[[ Record excerpts open ]]
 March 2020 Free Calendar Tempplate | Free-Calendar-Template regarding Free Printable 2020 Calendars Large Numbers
[[ Record excerpts closed ]]
[[ Record excerpts open ]]
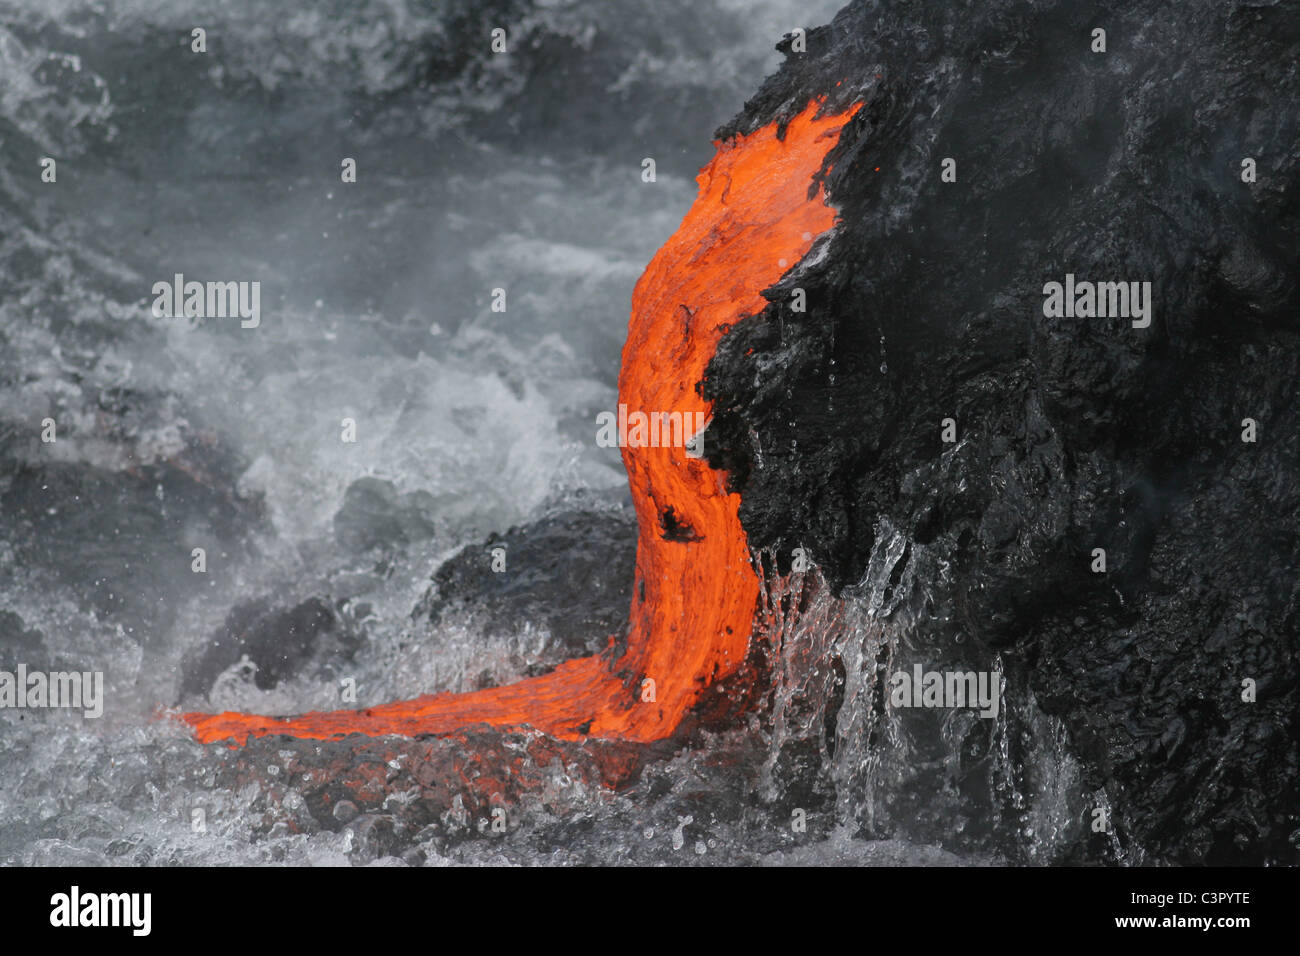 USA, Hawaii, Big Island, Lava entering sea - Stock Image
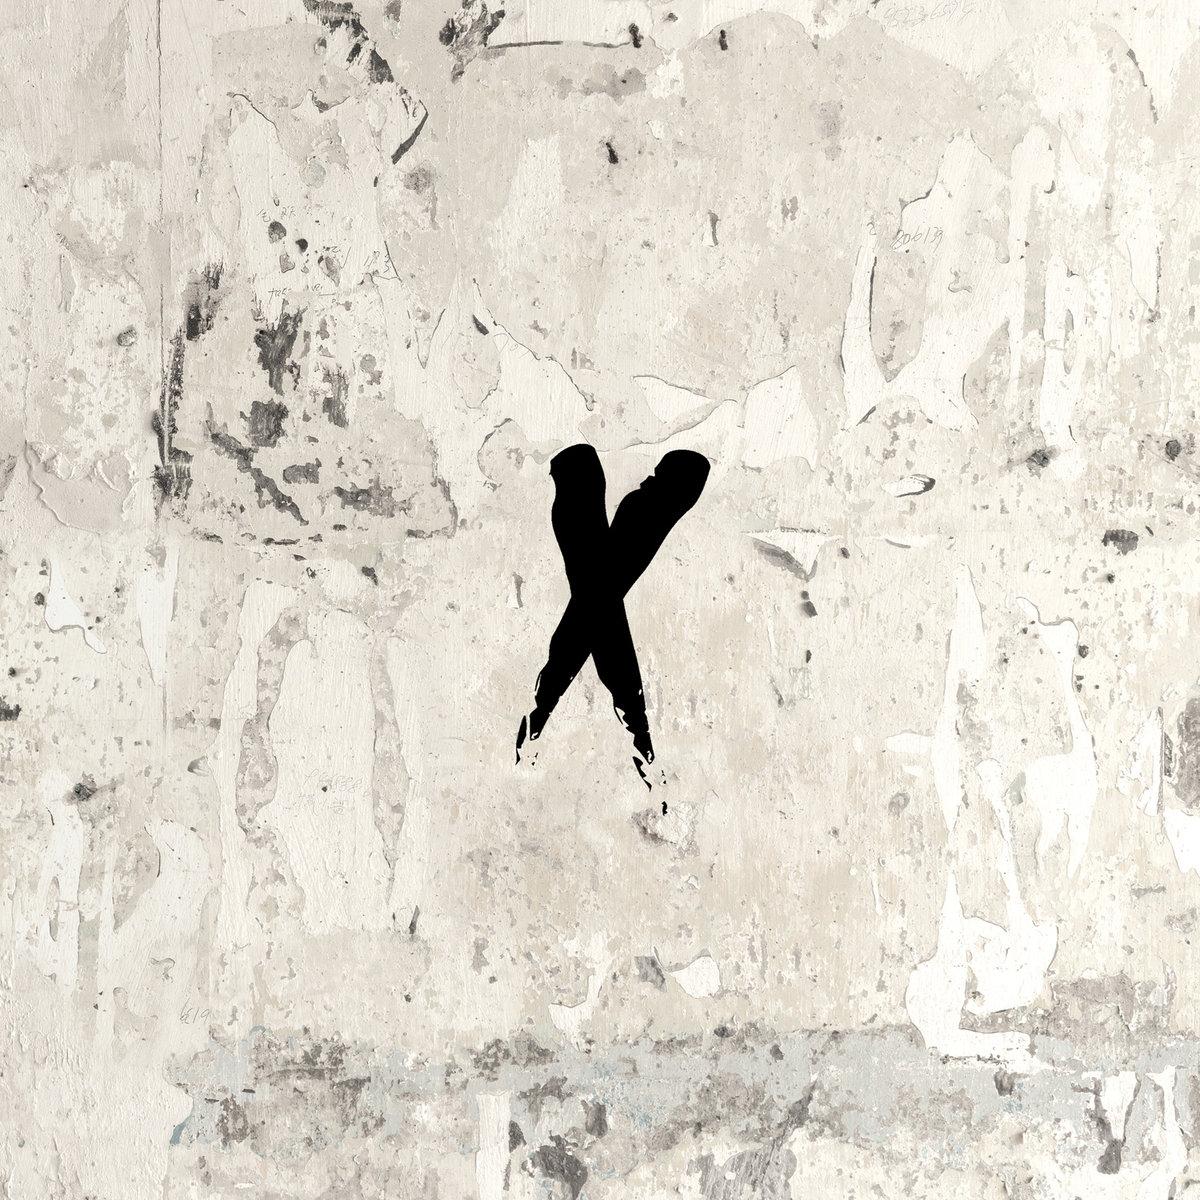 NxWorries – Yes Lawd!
[[ Record excerpts closed ]]
[[ Record excerpts open ]]
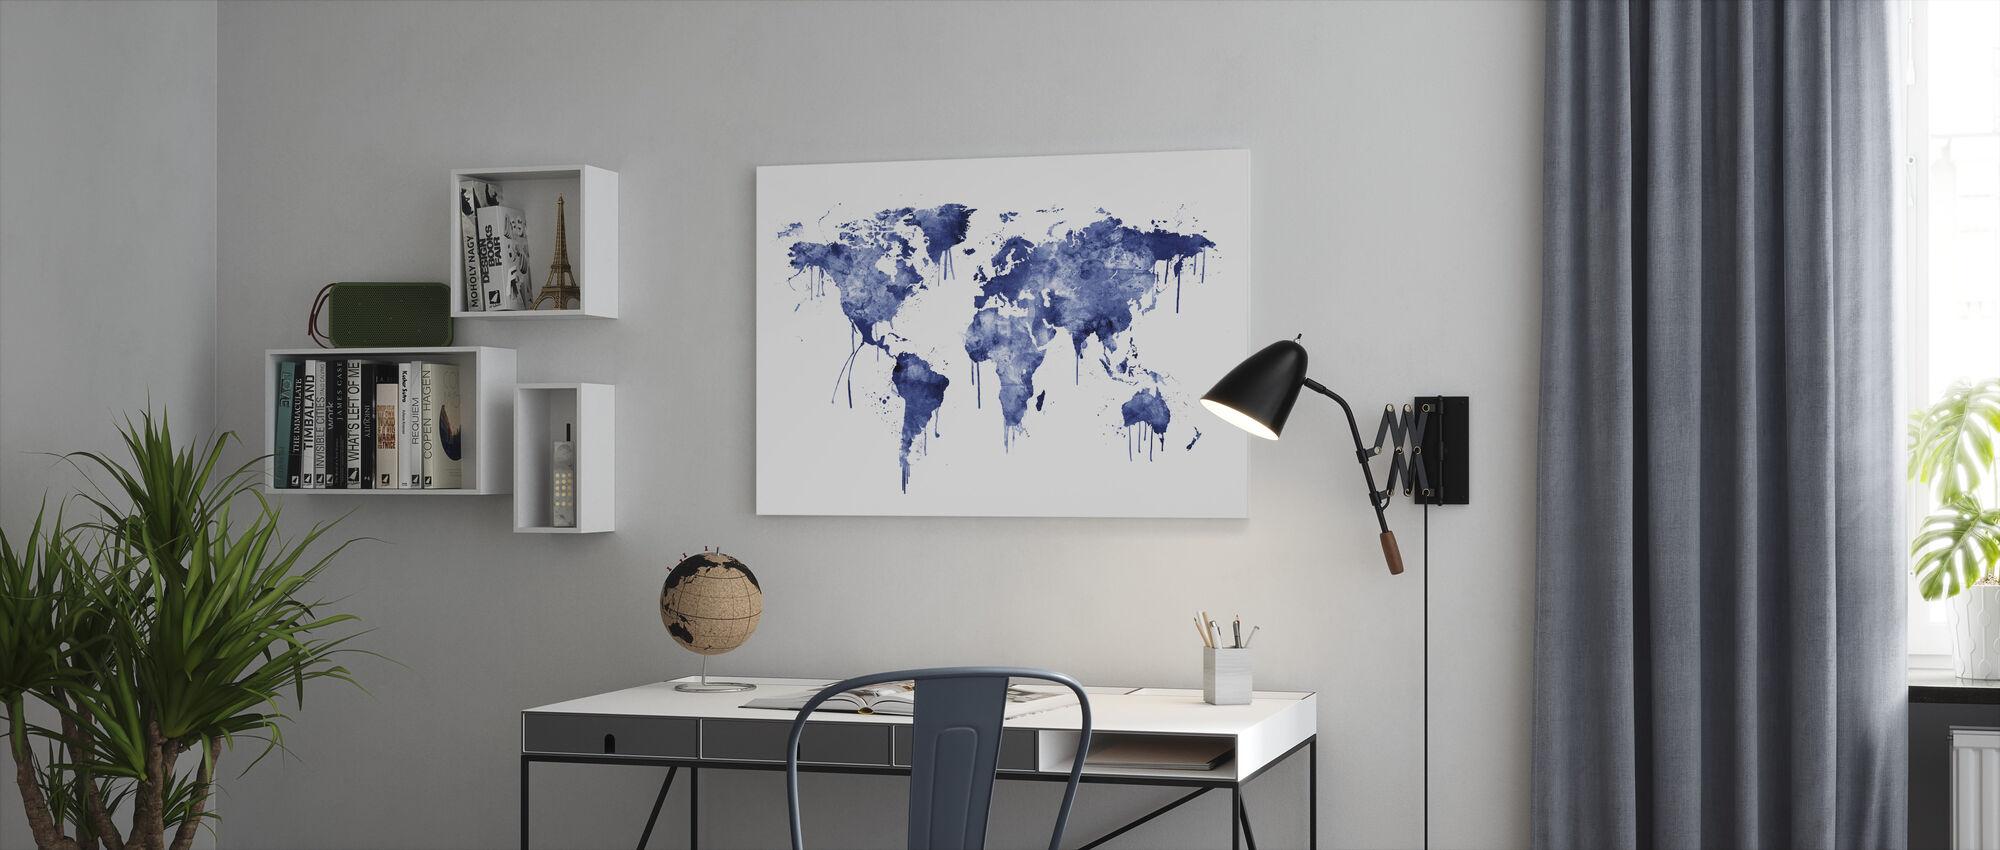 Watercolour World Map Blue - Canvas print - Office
[[ Record excerpts closed ]]
> **Work item**:
An exact copy is needed of the entries above, starting at the line that holds "USA, Hawaii, Big" and stopping at the line that holds "NxWorries – Yes Lawd!", both kept; pictures stay out.

> **Task answer**:
 USA, Hawaii, Big Island, Lava entering sea - Stock Image
 NxWorries – Yes Lawd!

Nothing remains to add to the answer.